In Defense of Carnations: One Editor's Love for the Afterthought Blooms

·3 min read

I'd like to make a public apology to carnations.

Somewhere between learning to address my elders as "ma'am" and "sir" and writing my first thank-you note, I picked up the idea that carnations were afterthought flowers, best reserved for funeral wreaths, mass-distributed Valentines, and middle school science fair projects. And I've held fast to this notion—that carnations were the ultimate floral no-no—until recently, when I made an arrangement through subscription service Petalled. Right there, nestled between the floral It-crowd of ranunculus and calla lilies and eucalyptus, were white carnations. And what do you know? They actually looked pretty.

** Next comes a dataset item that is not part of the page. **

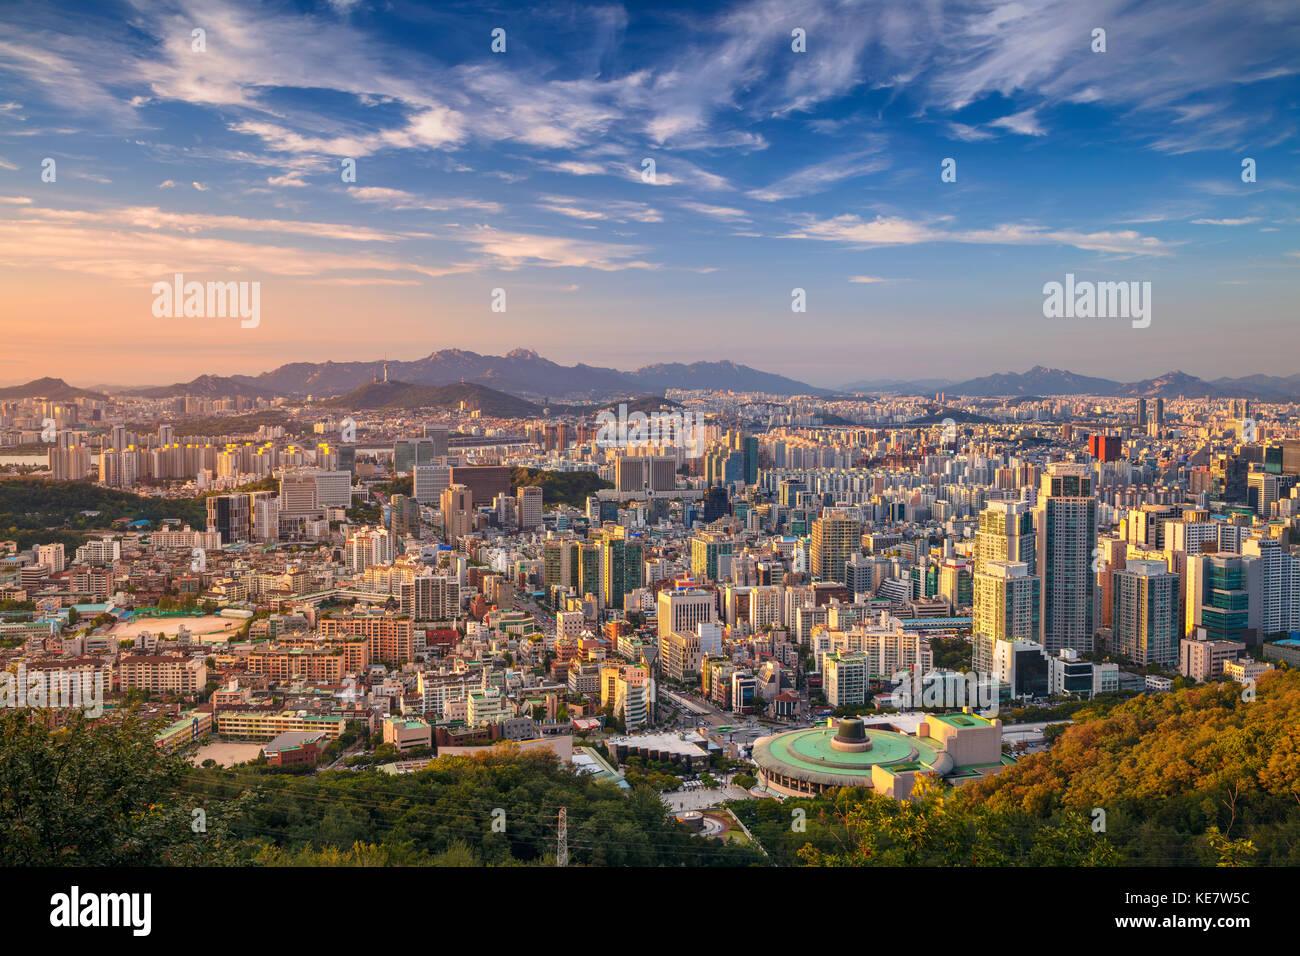 Séoul. cityscape image de centre-ville de Séoul au cours de journée d'été. Banque D'Images

My carnation curiosity piqued, I made a trip to the local wholesale florist earlier this week and picked up a variety of blooms, including two dozen blush pink carnations. I tucked 13 of them into a couple of larger arrangements (they're a perfect filler flower) and then placed the remaining 11, cut at various lengths, in a julep cup with a few stems of baby blue eucalyptus. It was this little bedside arrangement of carnations, with their layers of ruffled petals, delicate fragrance, and pitch-perfect pink hue, that totally sold me on the carnation as a focal flower in its own right. No, they aren't peonies, but the carnations' overall vibe—sweet, feminine, and sophisticated—feels strikingly similar. So why have I snubbed them for so long?

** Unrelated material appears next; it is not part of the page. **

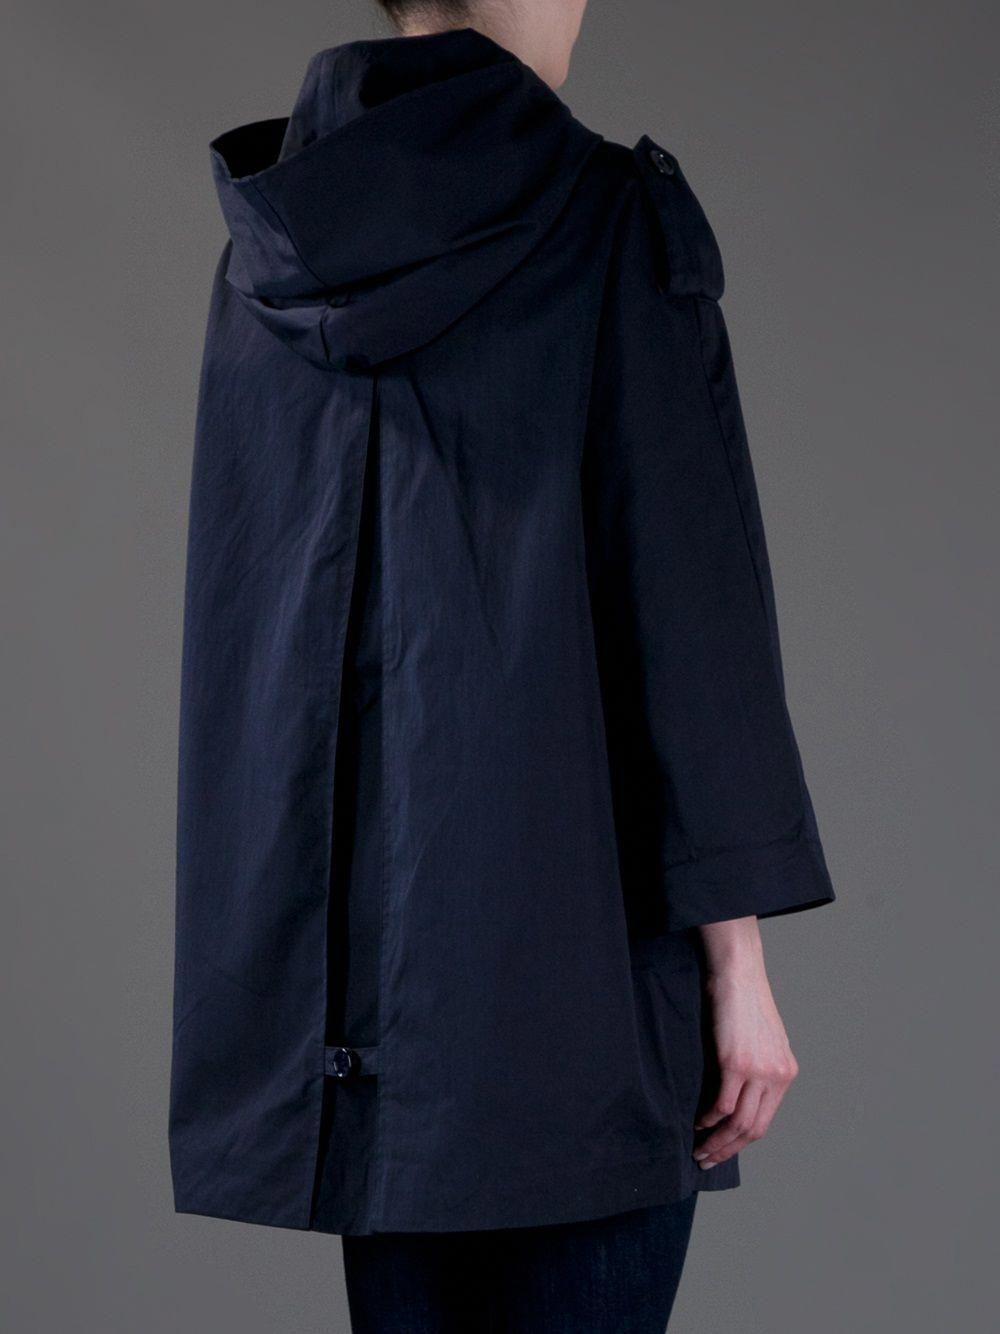 b5b79e9c63a back of sessun hooded raincoat  BlueRaincoat

I posted a snap of the little arrangement on my Instagram story along with a query: "Carnation thoughts?"

While I wasn't surprised by a friend who responded and said she can't think of them without also remembering cringeworthy seventh-grade professions of love, I was surprised when my high-school friend, who's now an incredibly talented florist, responded to rave about carnations.

"I love them and try to sneak them into everything," Caroline Spelman, who owns Juniper & Jasmine in Charleston, South Carolina, told me. "People have mistaken them for peonies before. There are some really cool varieties out there that no one even realizes are carnations."

With her professional opinion to back me up, I'm officially convinced that carnations could be a fan favorite, as beloved as tulips, if they just had better PR. Everyone hated on "pleather," but then they started calling it "vegan leather" and now everyone's on board. There's no limit to what good PR can get you.

Part of the distaste for carnations, I think, comes from the impression that they are "cheap" and therefore not as special. And yes, they are inexpensive, as flowers go. (At my local wholesale florist, I scooped up two dozen for $19.95—the lowest price per stem I bought, by a long shot.) But in the immortal words of Kacey Musgraves: "Just 'cause it don't cost a lot don't mean it's cheap." Nobody ever hated a Costco hot dog for being $1.50.

Of course, some people may simply not like the way carnations look, and that's okay too. We don't have to agree on everything. But if you, like me, have always hated carnations solely because they're the flower everyone loves to hate, it's time to give them a second chance. They might just surprise you.